Shedding of soluble glycoprotein VI is neither affected by animal-derived antibeta-2-glycoprotein 1 antibodies nor IgG fractions from patients with systemic lupus erythematosus
Ho, YC and Ahuja, KDK and Andrews, RK and Adams, MJ, Shedding of soluble glycoprotein VI is neither affected by animal-derived antibeta-2-glycoprotein 1 antibodies nor IgG fractions from patients with systemic lupus erythematosus, Blood Coagulation & Fibrinolysis, 31, (4) pp. 258-263. ISSN 0957-5235 (2020) [Refereed Article]

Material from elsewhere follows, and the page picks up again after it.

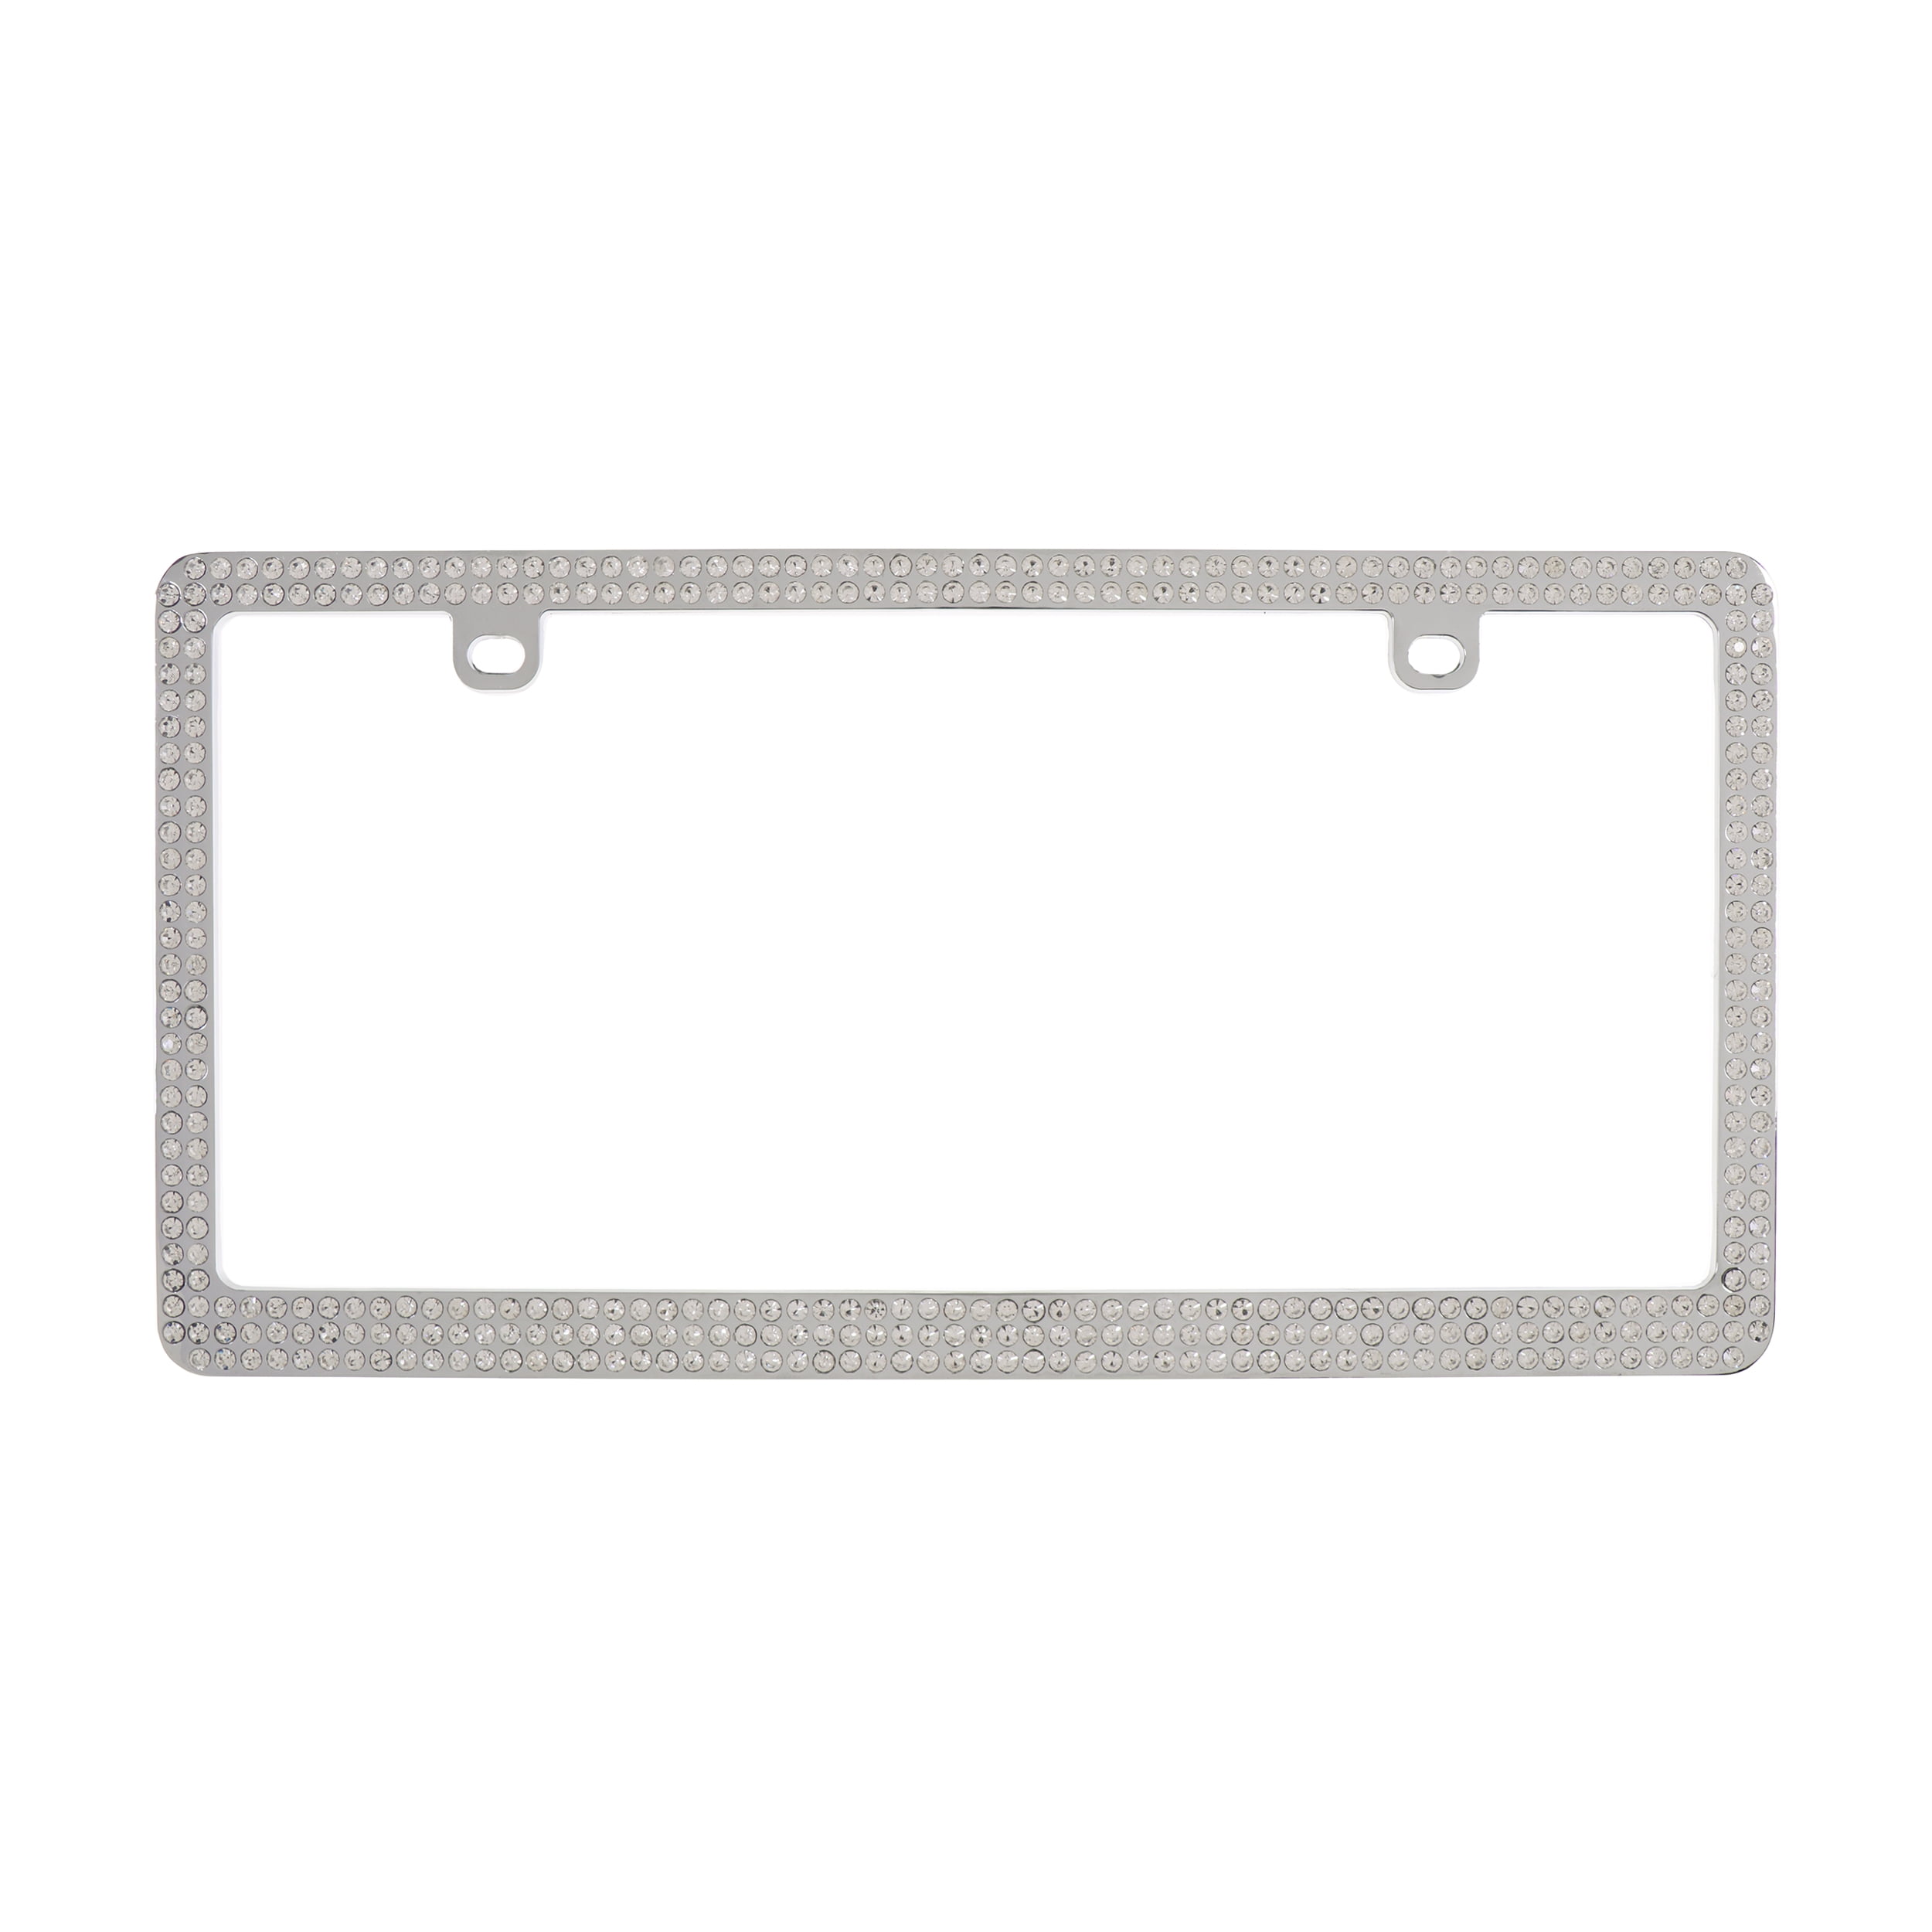 Auto Drive Universal License Plate Frame - Chrome Bling, 92860W

Antibeta-2-glycoprotein 1 (antiβ2GP1) antibodies are associated with increased risk of thrombosis in patients with systemic lupus erythematosus (SLE). The specific effect(s) of antiβ2GP1 antibodies on platelets are unclear. Platelet activation in response to antiplatelet antibodies has been shown to induce shedding of the ectodomain of the platelet collagen receptor, glycoprotein VI (GPVI), releasing soluble GPVI (sGPVI). The aim of this study was to therefore determine whether antiβ2GP1 antibodies, and/or purified IgG fractions, from patients with SLE shed sGPVI from platelets. We determined sGPVI levels in platelet poor plasma from SLE patients with/without antiβ2GP1 antibodies (n = 37), as well as in platelet-rich plasma from healthy donors treated with either SLE-derived IgG fractions containing antiβ2GP1, animal-derived antiβ2GP1, or isotype control antibodies. Levels of sGPVI were higher in three SLE-derived platelet poor plasma with antiβ2GP1 antibodies (103.52 ± 12.32 ng/ml) compared with those without (28.11 ± 12.73 ng/ml). Neither SLE-derived IgG fractions containing antiβ2GP1 antibodies, nor animal-derived antiβ2GP1 antibodies induced significant shedding of sGPVI from healthy donor platelets compared with isotype controls. These results suggest that antiβ2GP1 antibodies do not affect shedding of sGPVI, and therefore collagen-mediated platelet signalling pathways. The shedding activity in SLE patients may be due to factors other than antiβ2GP1 antibodies, for example, metalloproteinases.